Ribs, more specifically, baby back ribs are not something I fix all the time, so when I do, I want them fabulous and this Rib Rub absolutely helps get them there. You see, the brown sugar helps get that ooey gooey thing that I like going on.
This rub is the perfect blend of sweet and savory. Even for those of you who do not prefer sweet with their savory, brown sugar as a base just goes with pork. And, it is not overtly sweet. You’re just going to have to trust me on this.
Please see my recipe for Grilled Baby Back Ribs. This Rib Rub is definitely part of the magical concoction!
HELPFUL HINTS FOR RIB RUB
Brown sugar is called for in this recipe. I STRONGLY prefer dark brown sugar over light brown sugar. To me, it simply has more flavor. This actually makes sense because the difference between the two is that dark brown sugar has a higher concentration of molasses, which equates to more flavor.

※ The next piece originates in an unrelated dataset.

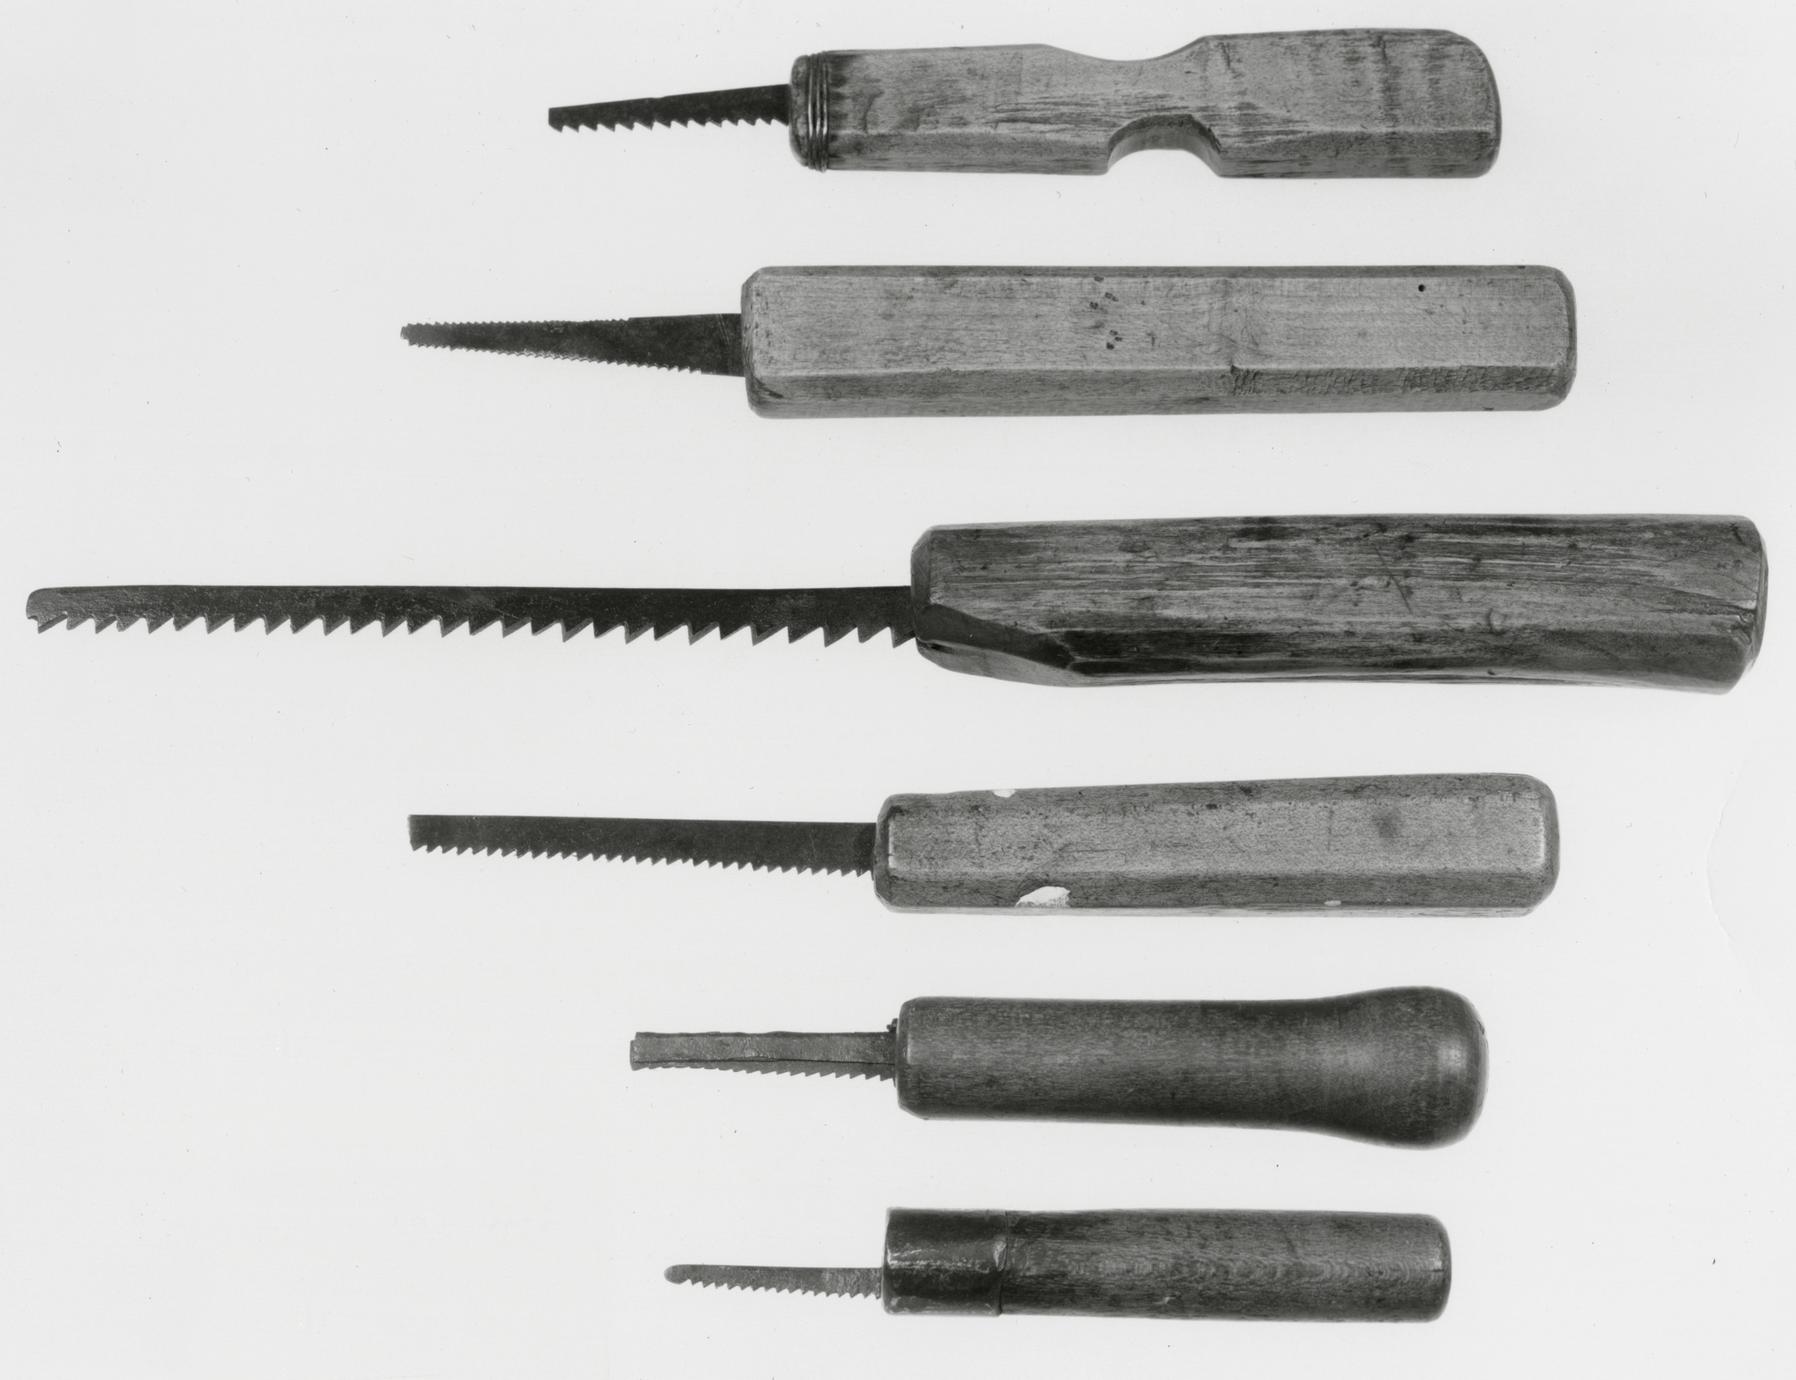 Black and white photo of various keyhole saws.

You can double, triple, or even quadruple this recipe and simply store it in your spice cabinet in a glass jar with a lid, or any air-tight container. Then you’ll have a supply on hand for the next time you need it. That falls into my cook once, eat twice mantra.
By all means, if you’re not feeding very many people and you don’t think you’ll need two racks of ribs, just fix one.
Also, this recipe is called Rib Rub, BUT it doesn’t have to be just for ribs, it would also do justice to a pork loin or pork chops, and, I haven’t tried it yet, but it might be delightful on some .grill chicken wings. I think it would. I’m going to try it!
- 1/2 cup dark brown sugar
- 2 teaspoons Cavender's seasoning
- 4 teaspoons Kosher salt
- 40 grinds freshly ground pepper on medium grind
- 4 teaspoons smoked paprika
- 2 teaspoons onion powder
- 2 teaspoons garlic powder
- 1/2 teaspoon cayenne pepper
- 1 teaspoon celery salt
- 1 teaspoon tomato bouillon Knorr, Caldo De Tomate
- Toss everything into a bowl and give it a really good mix.
- Ta-da! You just made rib rub! Cool, right?